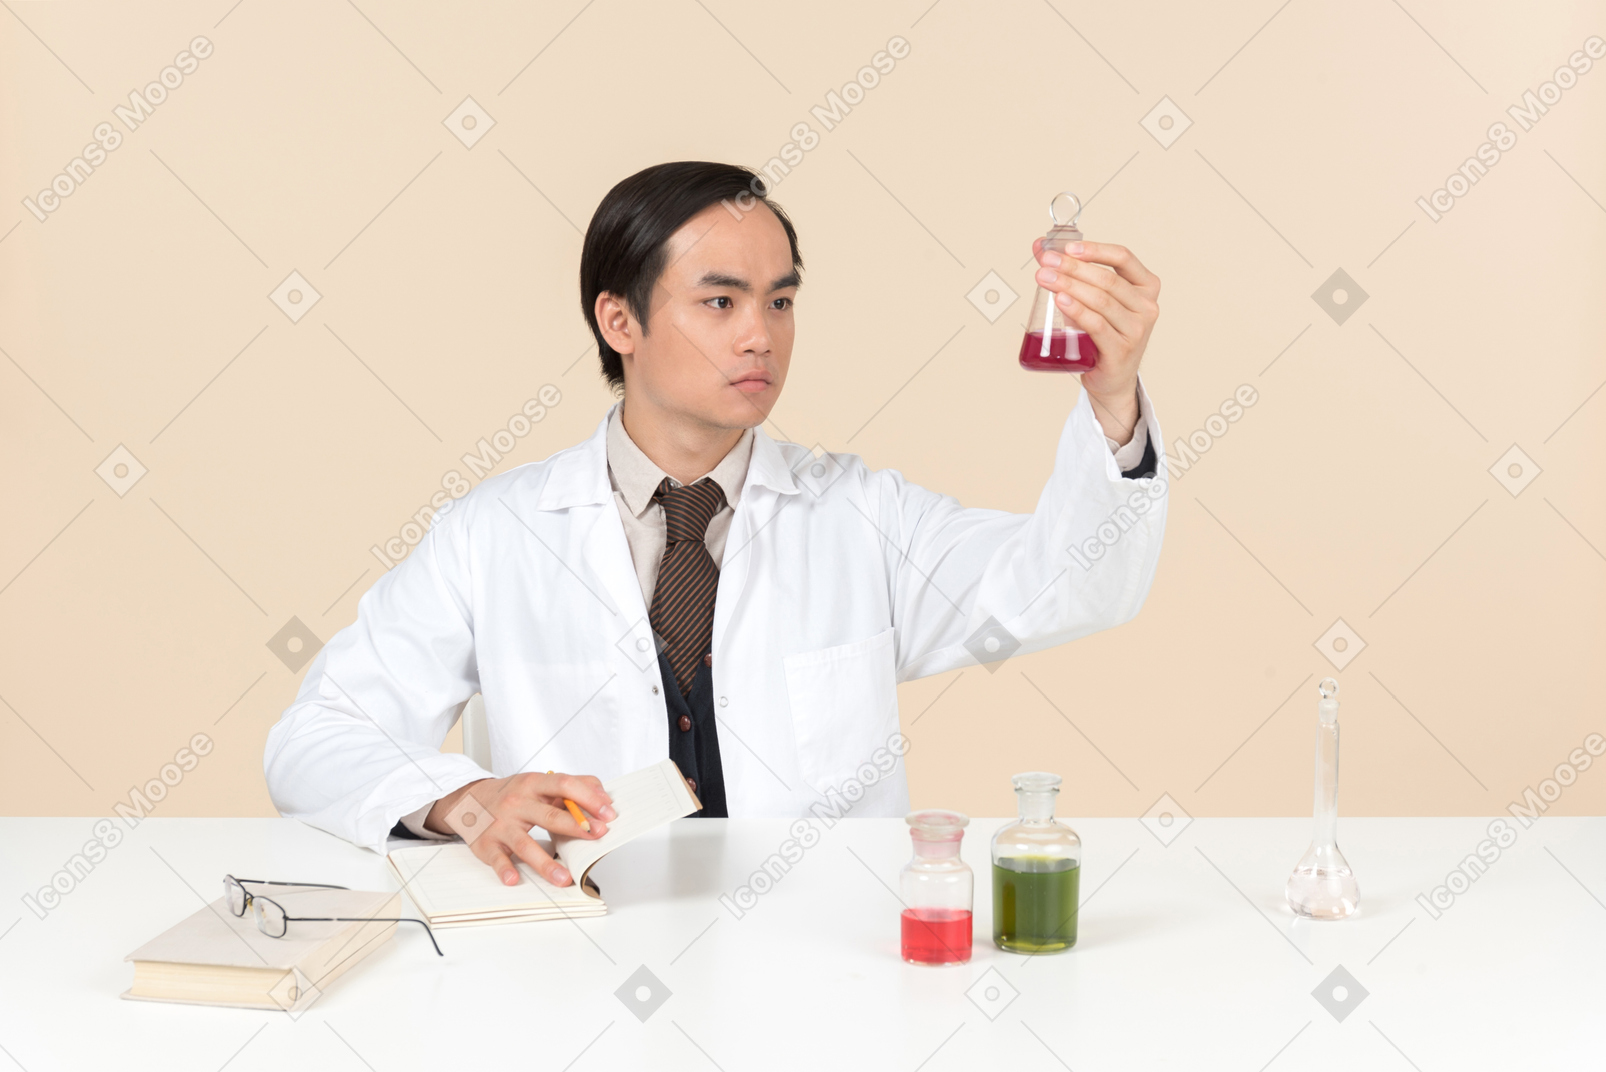 Un científico asiático en una bata blanca trabajando en un experimento químico
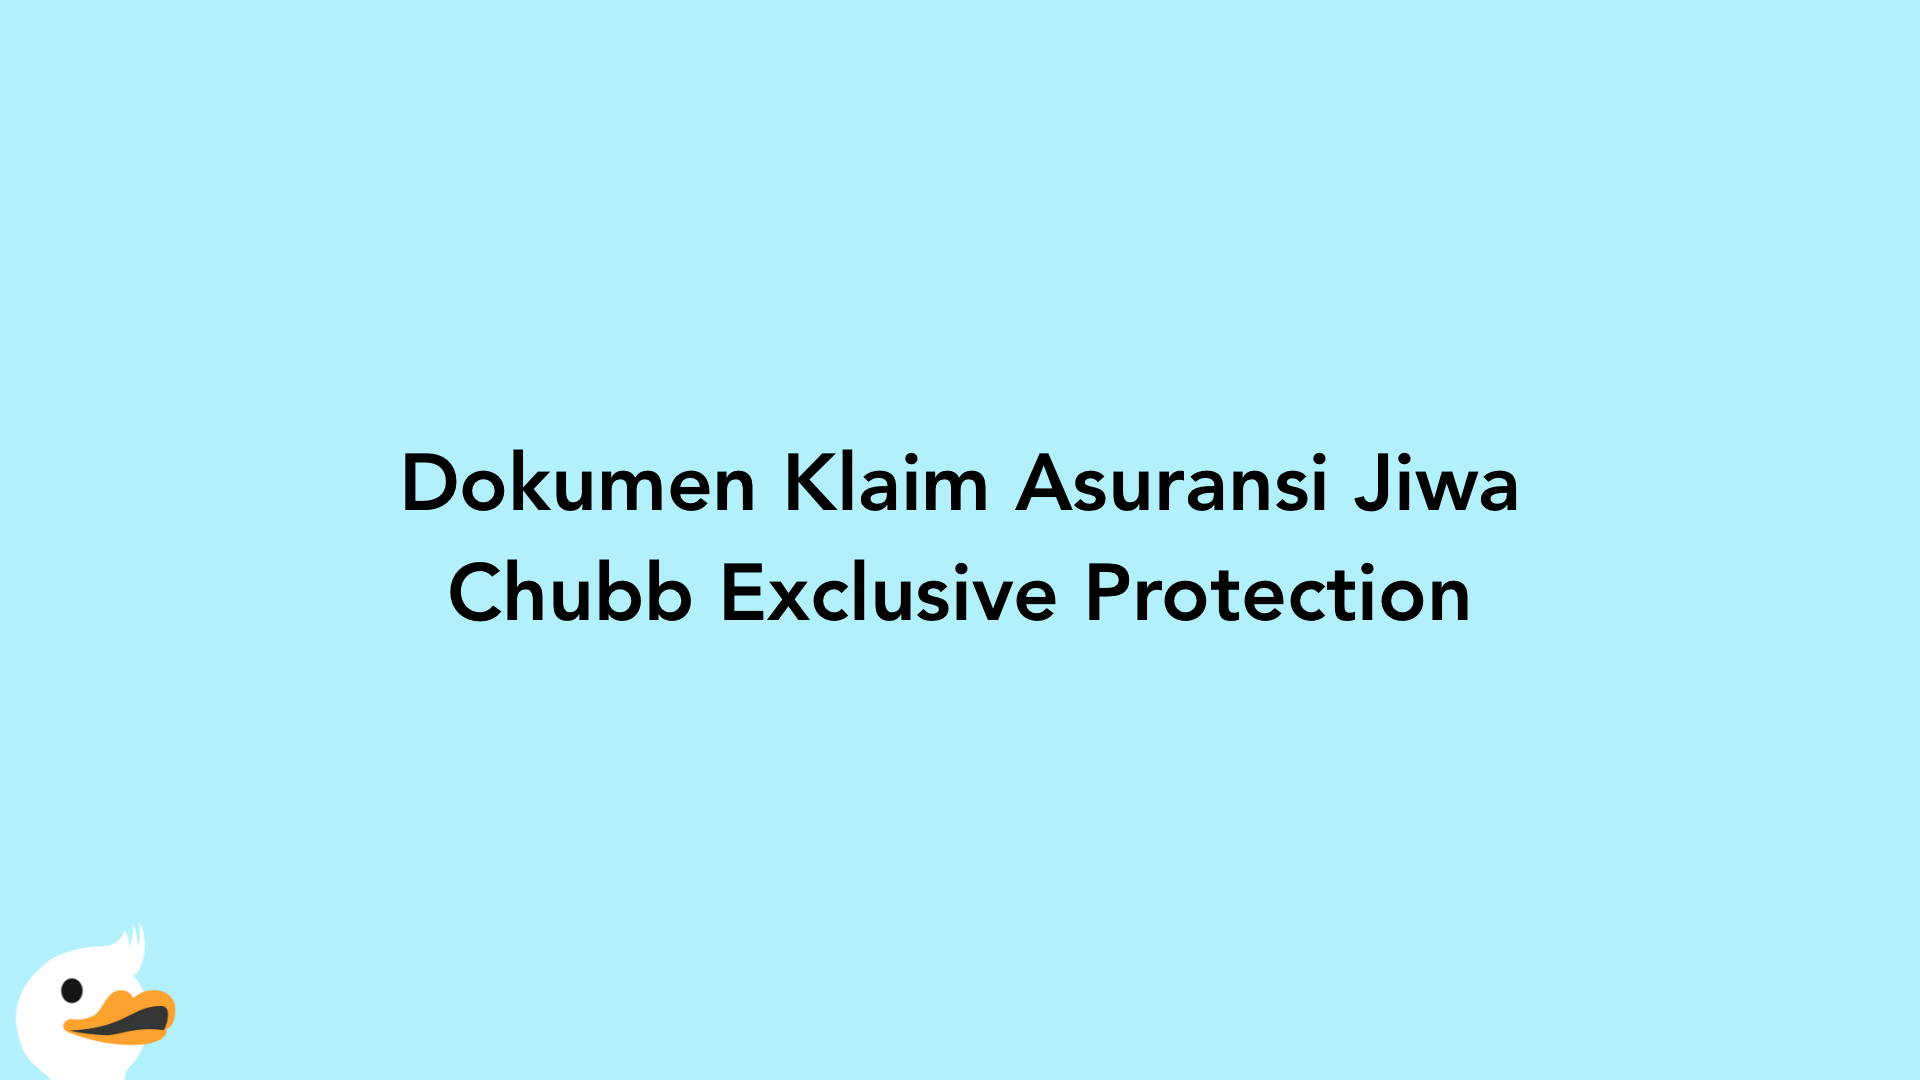 Dokumen Klaim Asuransi Jiwa Chubb Exclusive Protection
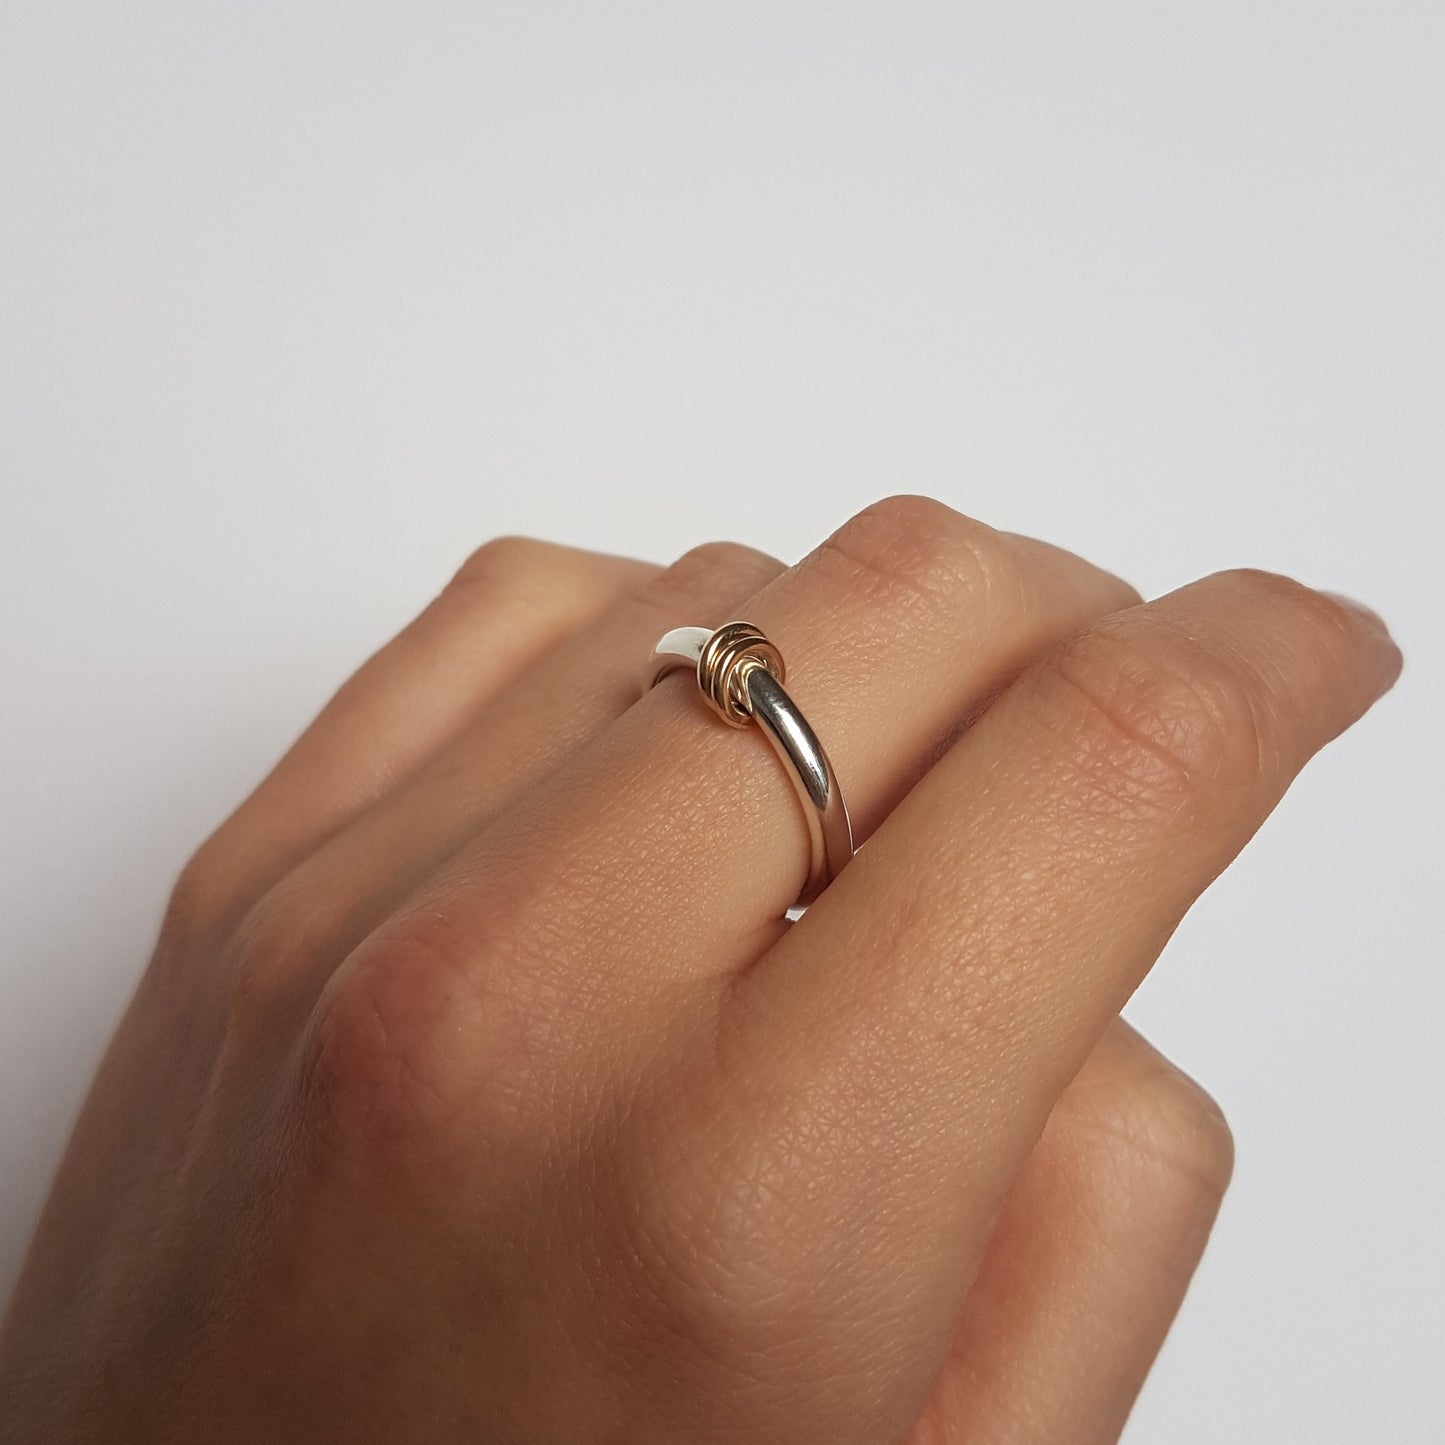 Hoop spinner ring worn on middle finger

▸ **Your goal**
Would you set down each line of the listing above exactly, apart from the pictures?

▸ **Result below**
 Un científico asiático en una bata blanca trabajando en un experimento químico
 Dokumen Klaim Asuransi Jiwa Chubb Exclusive Protection
 Hoop spinner ring worn on middle finger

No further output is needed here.